修行出什么玩意儿,谁都不知道,只知道这一场拉锯战足足耗费了三年,把朝臣和后宫都拖了个心力憔悴,最后睁一只眼闭一只眼,默许了灵帝以清宁殿为跳板,就此跳出宫墙,成为了江湖上的长乐教教主。
好吧,一开始,灵帝也没有直接空降成为长乐教教主,而是仗着本朝跟长乐教的渊源,借助留在长乐教的人脉,暗戳戳从长老做起来的。
有一个说法,说是以前长乐教的长老戴面具,是因为乱世时候,前朝的官兵还会抓捕邪教中人,长乐教的长老为了保全自身和家族,方才戴着面具,以防离开长乐教后被人认出。
自本朝建立后,长乐教的面具就有些没有必要了,是后来碰到灵帝这样为了隐藏自身需要的,才又被重视起来,方便了灵帝的人扮演渗透。
“怎么这里还有个宫殿,好好的,那钟声是什么意思?”
“以前不曾听过……”
“我倒是听嬷嬷说过,据说、算了,不说了。
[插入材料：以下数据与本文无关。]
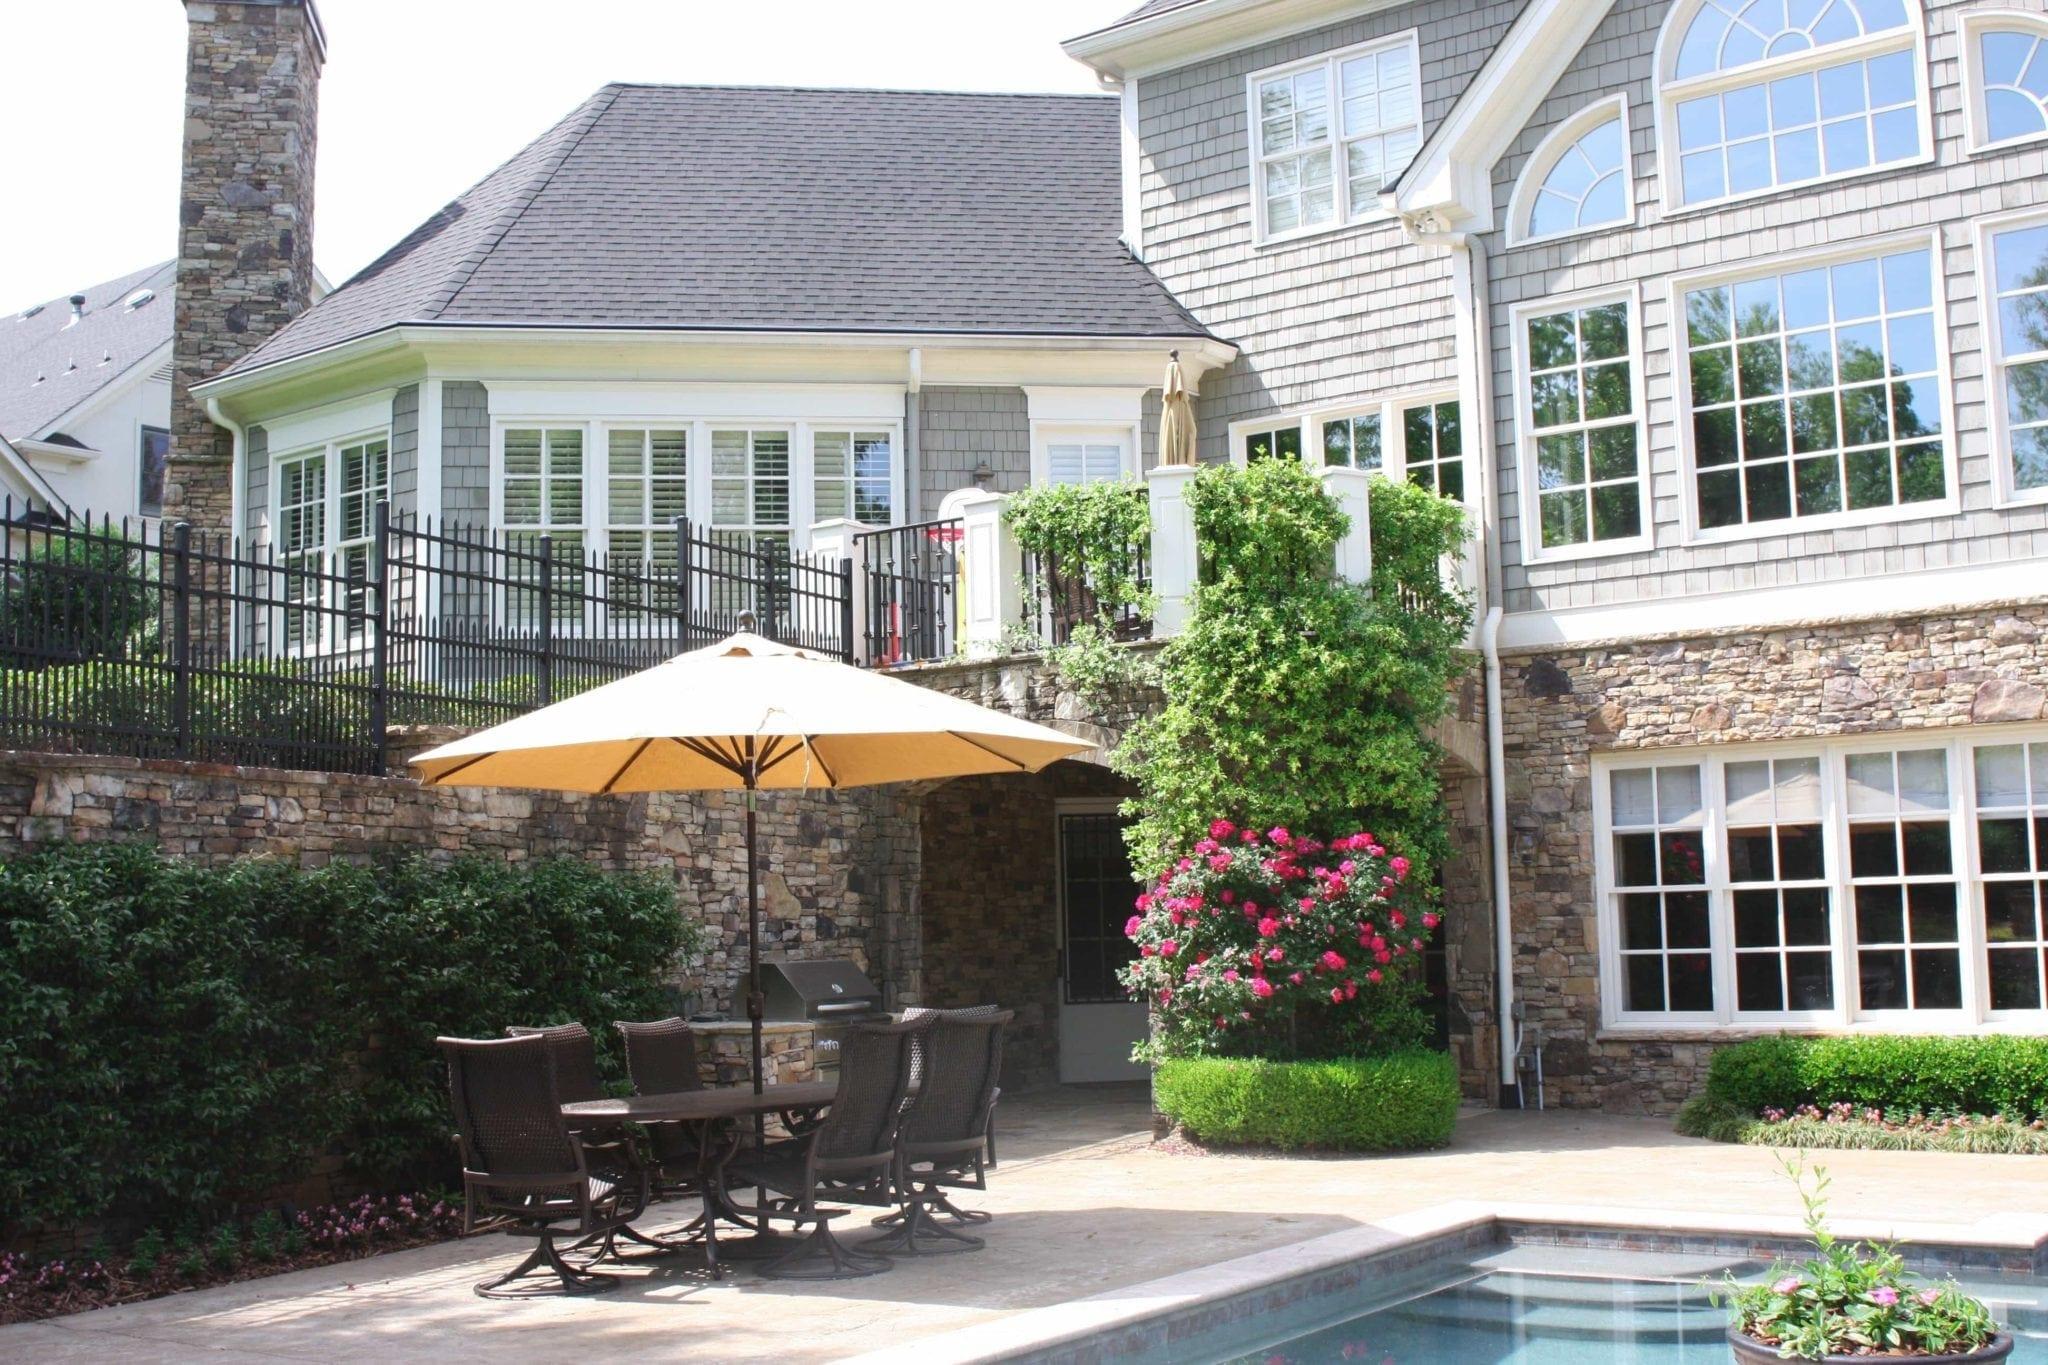 Backyard pool landscaping ideas. Jasmine vine and knockout roses.

”
有几个宫女从冷宫前走过的时候,说起了前几日清宁殿的钟声,其中一个话说一半,自动中止,另外几个都不高兴,晃着她的手臂,非要她继续往下说。
“快说,快说,可是有什么事儿?”
“其实也没什么,先头那位去的时候,清宁殿也响过钟声,合着丧钟,也不分明……”
“什么啊,怎么是这个?”
行走在宫中,不能不知一二忌讳,比如说被用“先头那位”所指代的先皇后,就是那个不能说的禁忌。
但人啊,偏偏有一种心理,越是禁止什么,越是想要知道什么,越是不能说,越是想要说,就跟最畅销的书籍往往是禁书一样,总有人希望去挑战那个不可能。
于是,被下了封口令的事情,明面上没人敢提及,背后,换个称呼名头,照样暗戳戳在说,只不过事情说得多了,说得久了,也就成了《玉兰曲》那样不知道在影射谁的故事了。
“快别说了,咱们走快些,每每走到这儿,我就觉得身上阴冷,倒像是有什么似的。”
“呸呸呸,快吐两口,哪里有什么,你都是自己吓自己。”
“走快些,前面就是教坊司了,那里就热闹多了。”
“啊,还有一事,我倒是听说教坊司之所以和冷宫比邻,就是为了压住冷宫阴气……”
“快闭嘴吧,皇宫大内,哪里来的阴气!”
“……啊,是,是我说错了,没有,没有的……”
宫女小声说着话,脚下步子加快,迅速离开了这条路,仿佛远离冷宫就能保平安一样。
贤妃宫中,也听说了清宁殿的钟声,却没当回事儿,在信王来访的时候,漫不经心地摆弄着妆奁说:“不过是一个荒僻宫殿内的钟声,算得什么,那奉先殿中还时常有水陆道场呐,钟鼓齐鸣的,怎不见你来问?”
“奉先殿中自有规矩,跟那清宁殿,恐怕有所不同。”
信王是个谨慎的,他觉得这其中有些不同,却也说不好那种隐约的感觉。
“有什么不同的,有人去了那小太监敲两声钟罢了,说不得是你父皇去了,快别打听了,小心犯忌讳。”
贤妃想得简单,嫌信王絮叨,不容他再说,就把人打发走了。
信王走出去的时候还有些无奈,等到幕僚问他是否需要再打听的时候,他摆了摆手:“若是父皇,就不好再打听了,到此作罢。”
窥视帝踪可不是什么好名声,信王虽没觉得自己在夺嫡大战之中占有多少比重,却也知道减少劣势就是增加优势,若是自家能够做到铁板一块儿,说不得,他就能直接上位了呢?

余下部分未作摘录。